Who are the best alternatives to Kiril Despodov?
The top alternatives to Kiril Despodov based on AI DNA playing style analysis include: Jean-Luc Dompé, Milot Rashica, Darko Churlinov, Moussa Djenepo, Federico Bernardeschi. These players were matched using Rising Transfers' 768-dimension DNA model across playing style, pressing intensity, and tactical fit — not just position or market value.
Which players are similar to Kiril Despodov in 2026?

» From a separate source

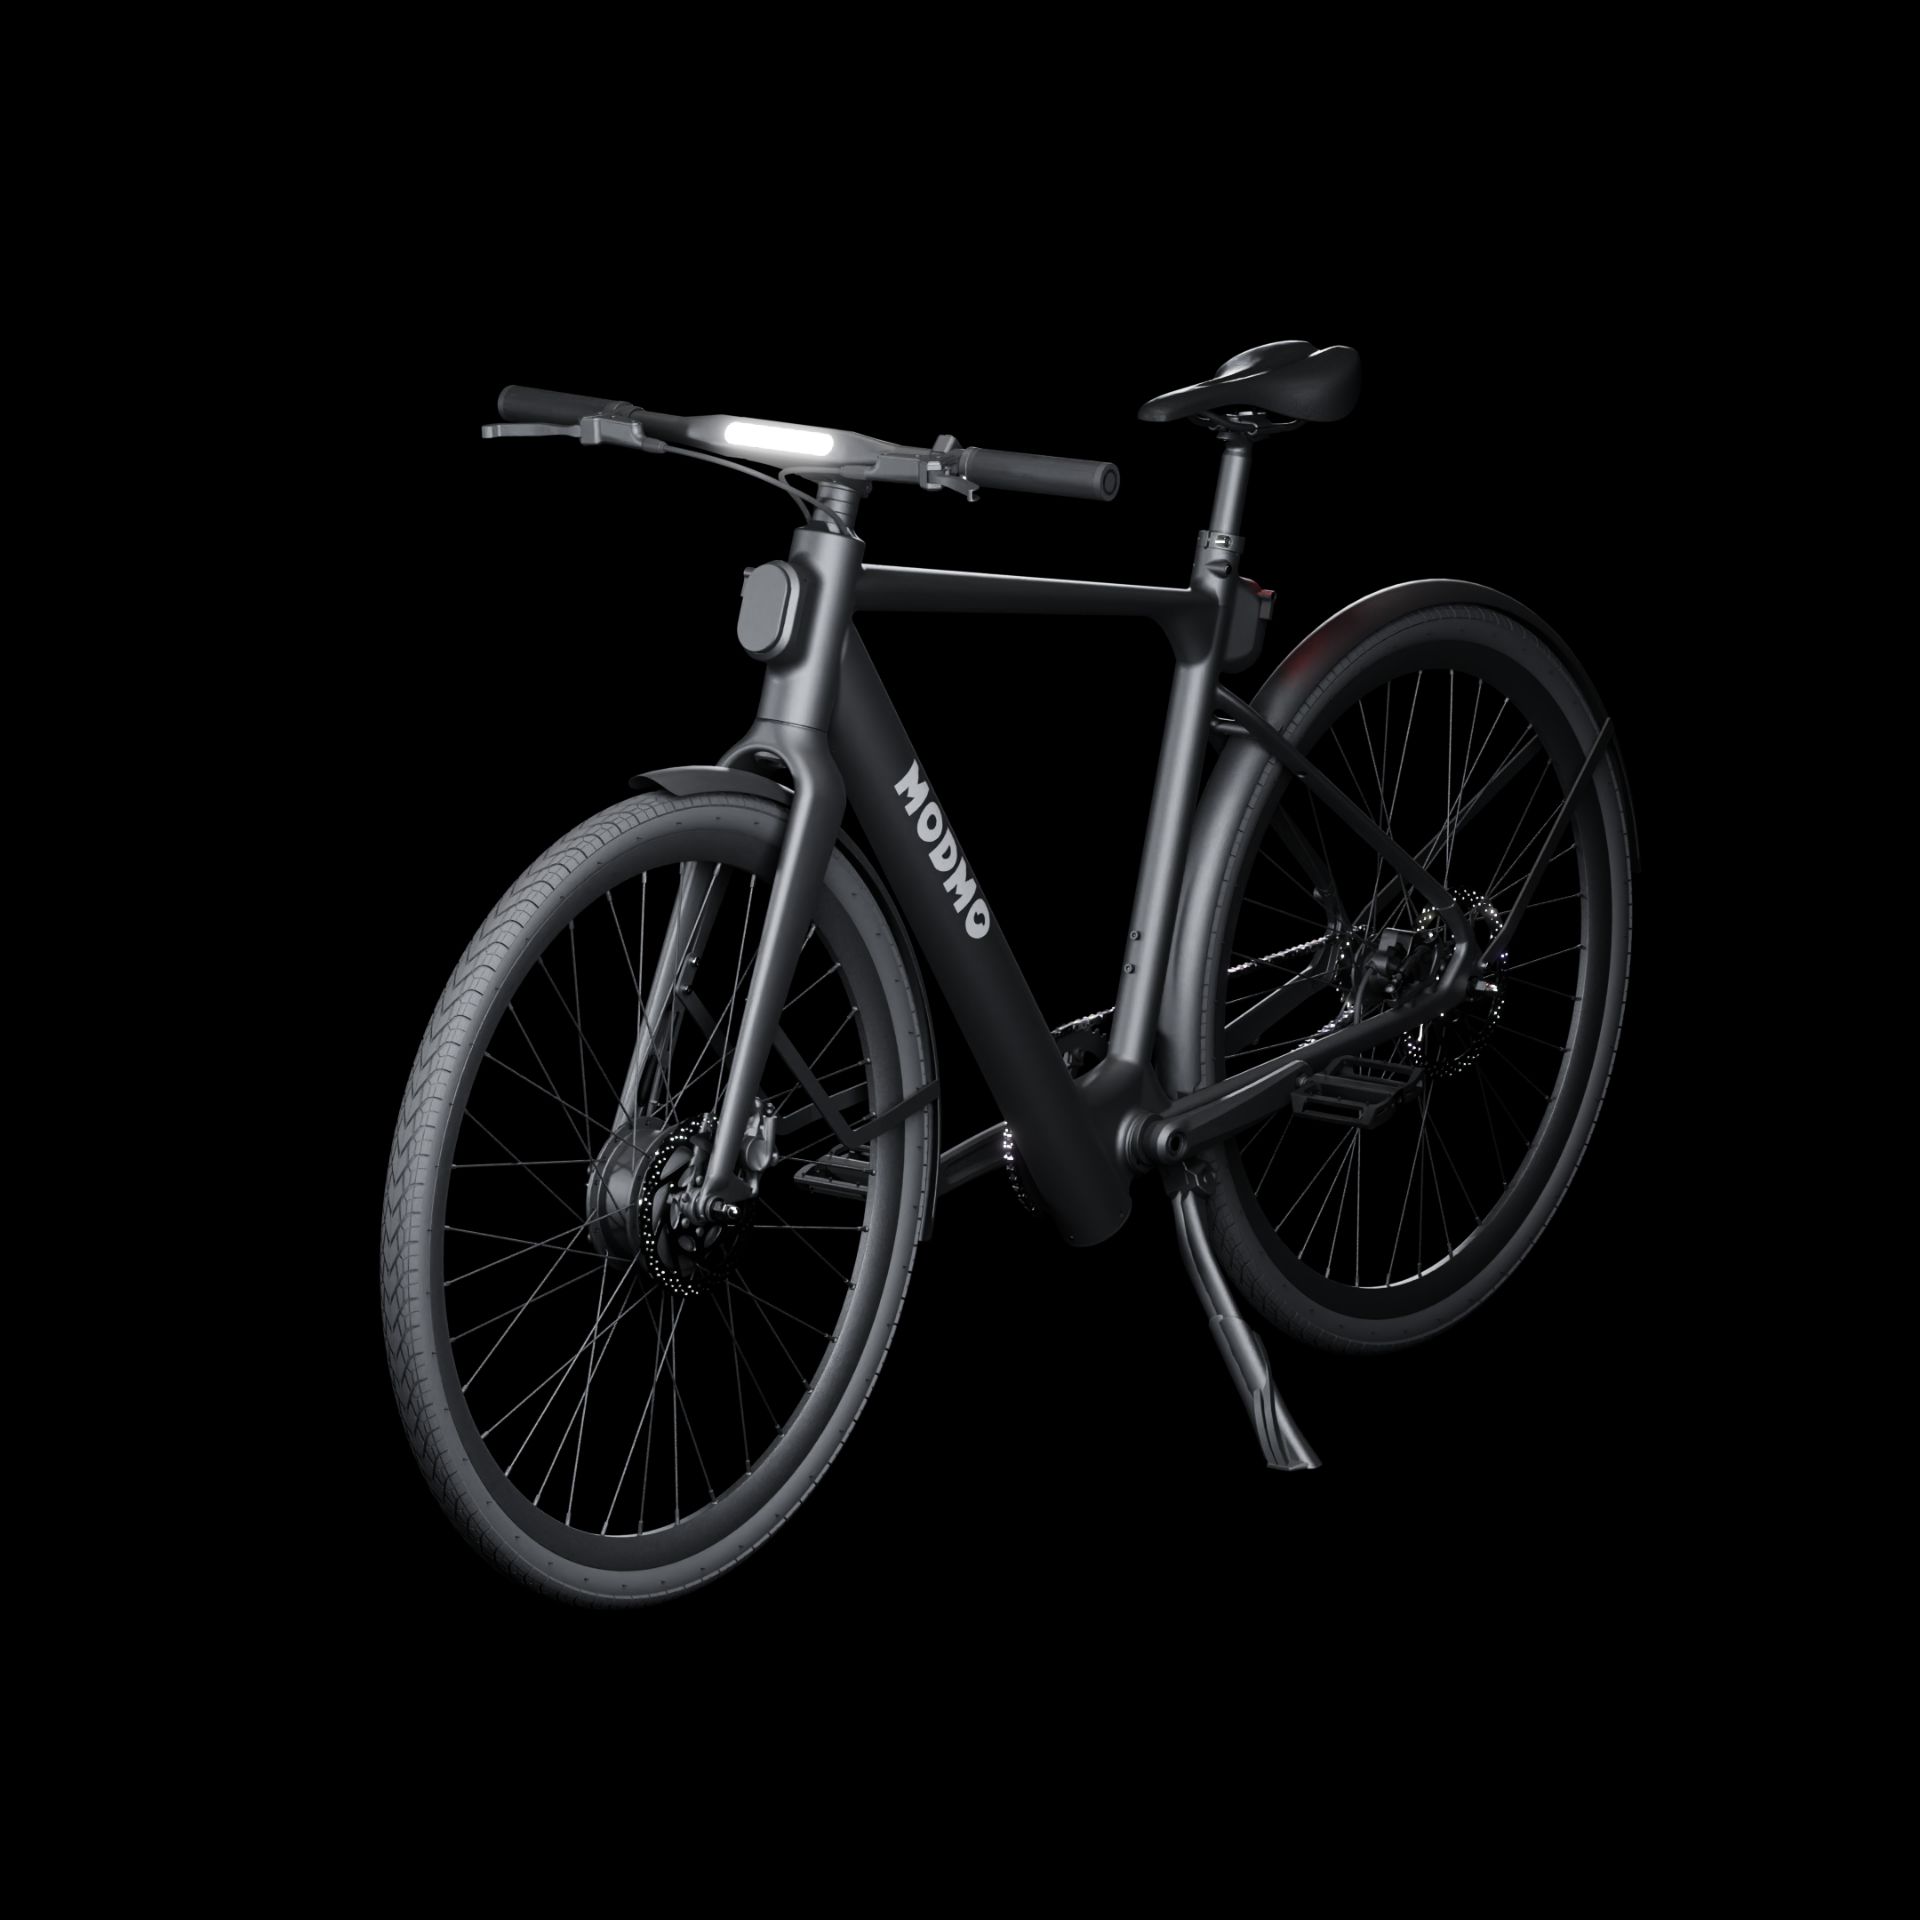 Modmo Saigon+ Electric Bicycle - RRP £2800 - Size L (Rider 175-190cm) - Image 3 of 15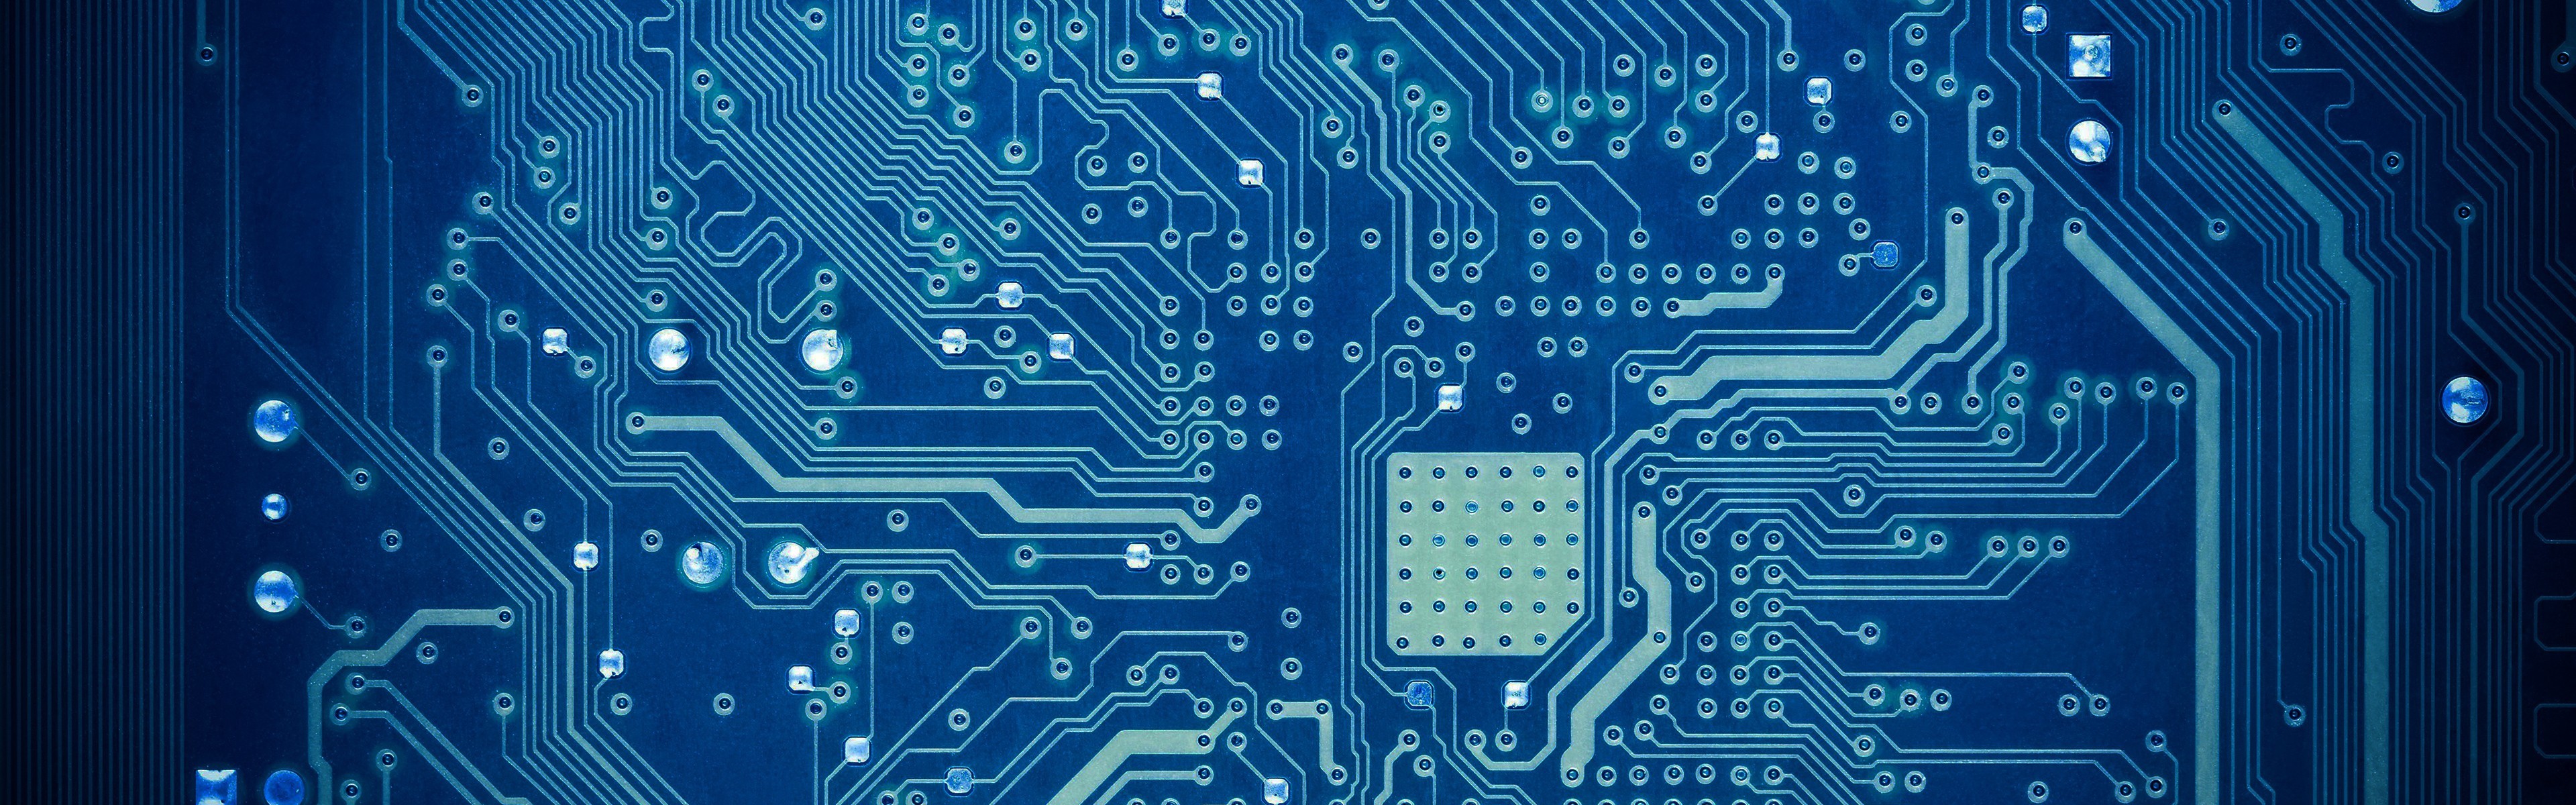 motherboard wallpaper,electronic engineering,electronics,blue,motherboard,electronic component

Players with a similar profile to Kiril Despodov in 2026 include Jean-Luc Dompé (€3.5M), Milot Rashica (€4.0M), Darko Churlinov (€3.5M). For a deeper DNA-level comparison including playing style, physical attributes, and tactical fit, ask Rising Transfers' AI directly.
What position does Kiril Despodov play and who plays similarly?
Kiril Despodov plays as a Attacker. Players with a comparable positional profile include Jean-Luc Dompé (France, €3.5M); Milot Rashica (Kosovo, €4.0M); Darko Churlinov (Macedonia, €3.5M); Moussa Djenepo (Mali, €15.7M).
How does Rising Transfers find similar players?
Rising Transfers uses a proprietary 768-dimension Player DNA model trained on 3.2 million match events. Each player is represented as a vector across 35+ per-90 metrics including pressing intensity, passing footprint, dribbling profile, and defensive contribution. Similarity is measured using cosine distance — the same technique used in state-of-the-art AI systems — making it the most precise player comparison tool available publicly.